Allergic Rhinitis or nasal allergies are a very common condition that affects up to 15-30% of adults in the United States. This condition occurs when your immune system develops a hypersensitivity to otherwise harmless particles in the environment. This leads to unnecessary inflammation in the linings of the nasal passages.

Symptoms of allergic rhinitis are:

  • thin mucous production/runny nose
  • post nasal drip
  • Sneezing
  • itchy/watery eyes
  • nasal congestion

Typically allergic rhinitis symptoms come and go throughout the year depending on what you are allergic to, but can also be year round.


The first line treatment of allergic rhinitis are environmental controls to avoid exposure to allergens. This can include things like dust covers for bedding or a high efficient air filter (HEPA).

Second line treatments are medications to control your body’s response to allergens. Oral antihistamines are the most common medications used for this (ZyrtecⓇ, AllegraⓇ, ClaritinⓇ, BenadrylⓇ, etc.). These medications work by blocking histamine which is the primary mediator of inflammation in allergic responses. Leukotriene inhibitors are another class of medications (Singulair) that block another cause of inflammation in allergic patients. There effect is not as stong as antihistamines and are typically used in patients with asthma in addition to allergies.

Nasal steroids sprays (FlonaseⓇ, NasocortⓇ, NasonexⓇ, etc. ) are safe to use on a daily basis and are now largely over the counter. These sprays are non addictive and typically do not cause any long term changes to the nasal passages. Their most common side effect is nose bleeds which occur only in a small % of patients and often are due to improper spraying technique. Recent evidence has also shown that these sprays may increase the pressure inside of the eye and should be used with caution in patients with glaucoma.

Nasal antihistamine sprays (AstelineⓇ, PatanaseⓇ, DymistaⓇ, etc) are also safe to use on a daily basis and work by blocking the effects of allergens in the nasal lining. These sprays are most effective at improving sneezing and runny nose.
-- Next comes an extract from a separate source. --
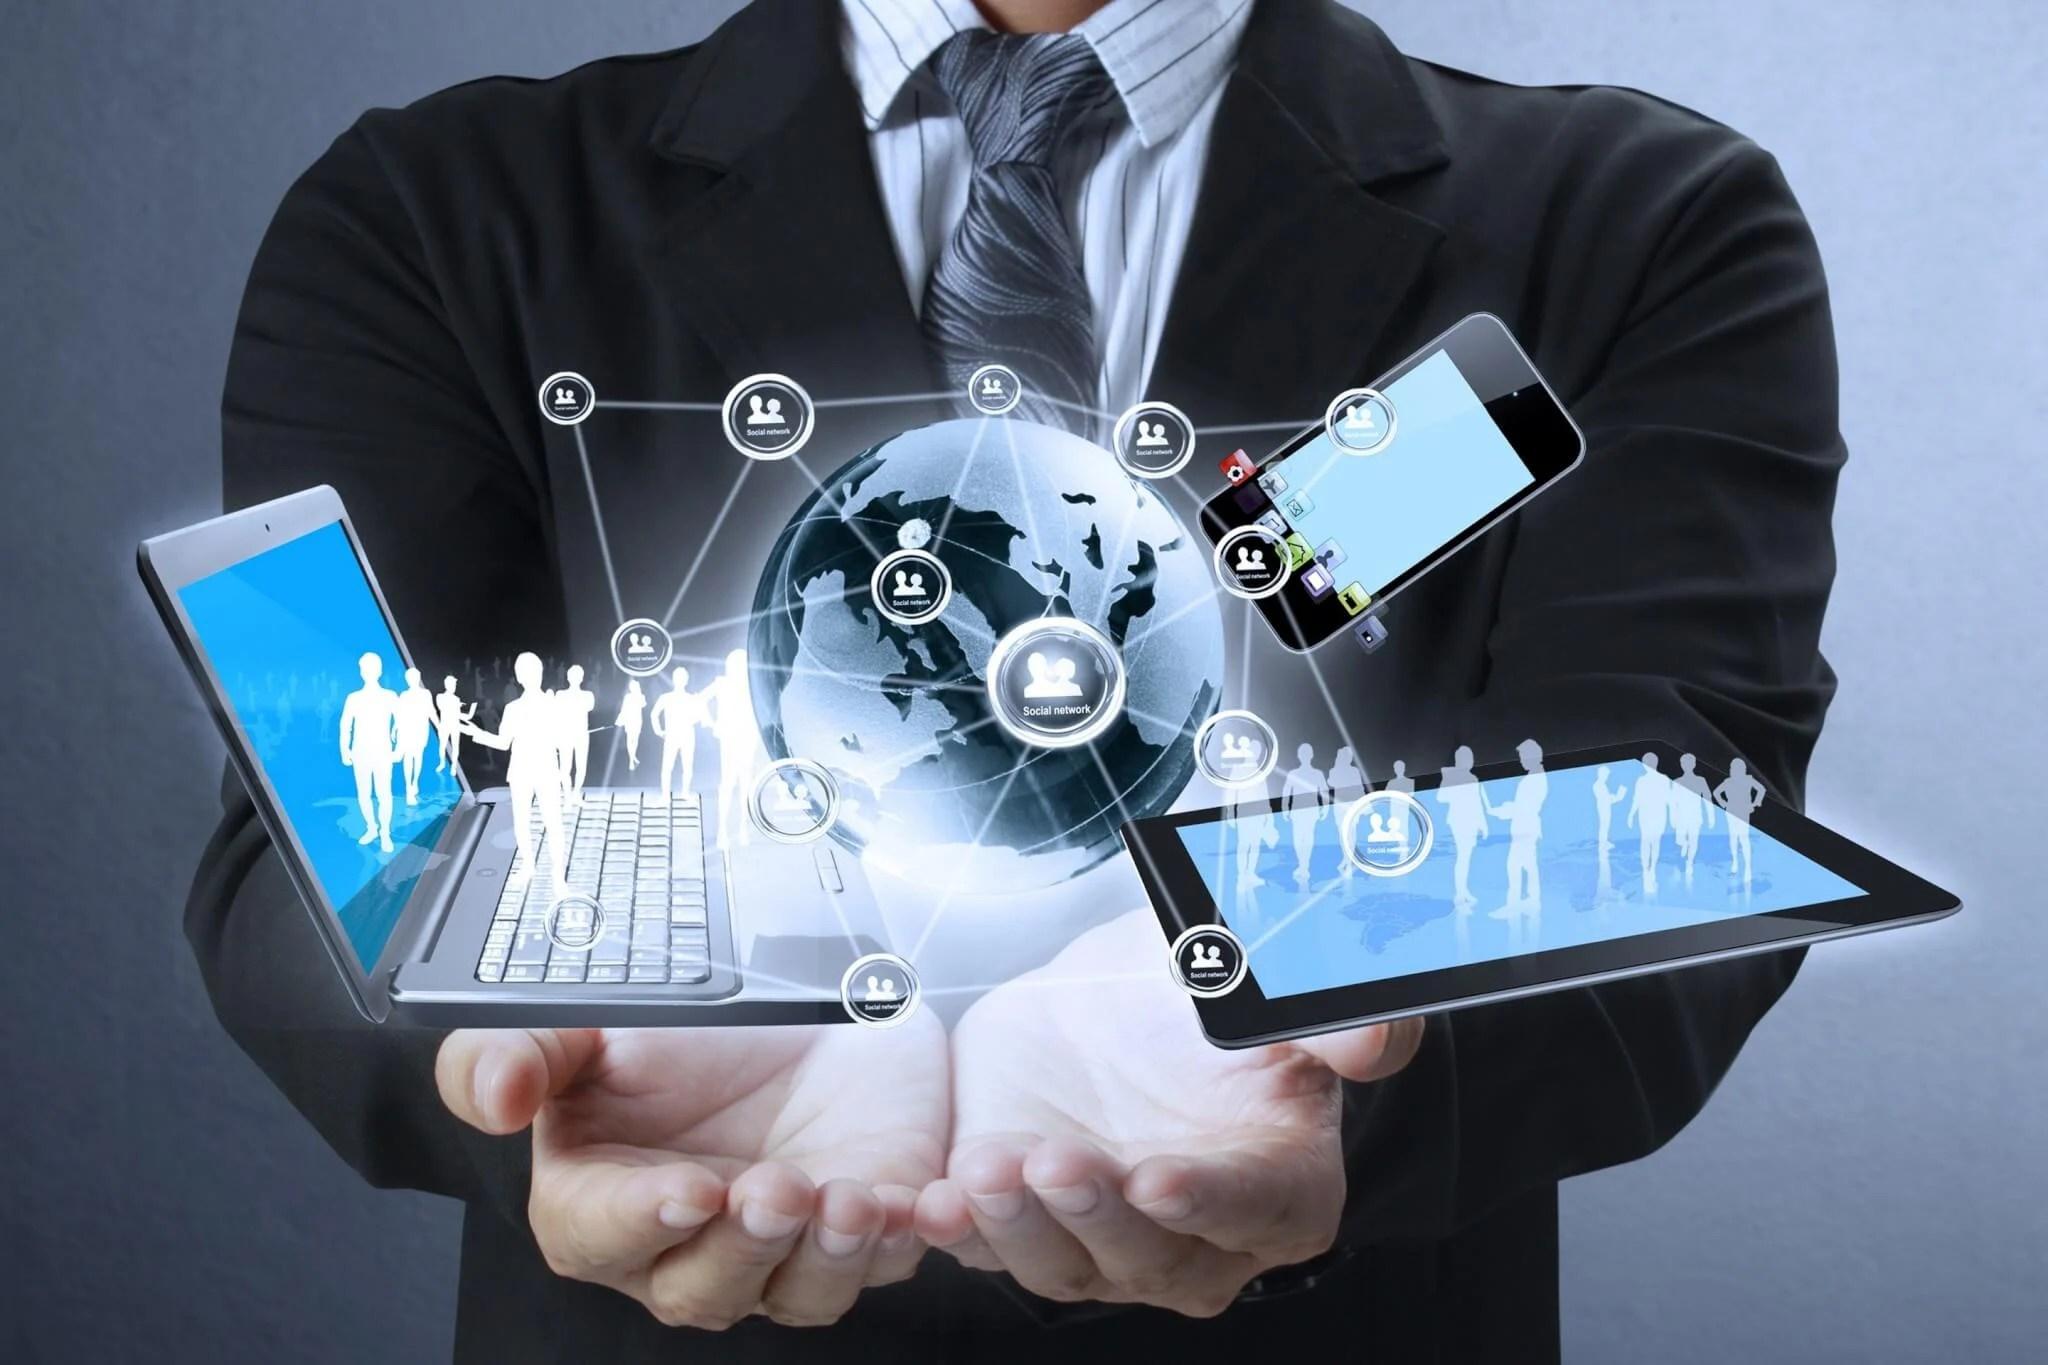 smt swd workspace - Economia do Futuro para o Trabalho: Consumo Consciente

What if medications for allergies do not work?

For patients with moderate to severe allergies who do not respond to allergy medications an option is immunotherapy. Immunotherapy works by desensitizing your immune system to certain allergens (think pollens, dust, animal dander) by continually exposing you to those allergens. This sounds simple, but must be done is a very specific fashion and concentrations built up over time to have an effect.

The first step of immunotherapy is allergy skin testing – this is where small amounts of the most common allergens in our area are injected just under the skin to determine what you are allergic to and how severe is your reaction.

Once it is know what exactly you are allergic to, these allergens are either injected under your skin on a weekly basis (subcutaneous immunotherapy or SCIT) or made into drops to place under your tongue daily (sublingual immunotherapy or SLIT). Again, the concentrations are specifically controlled to each patient’s allergic reactions.

Immunotherapy is an advantageous form of treatment because after 3-5yrs of treatment, symptom control is often permanent.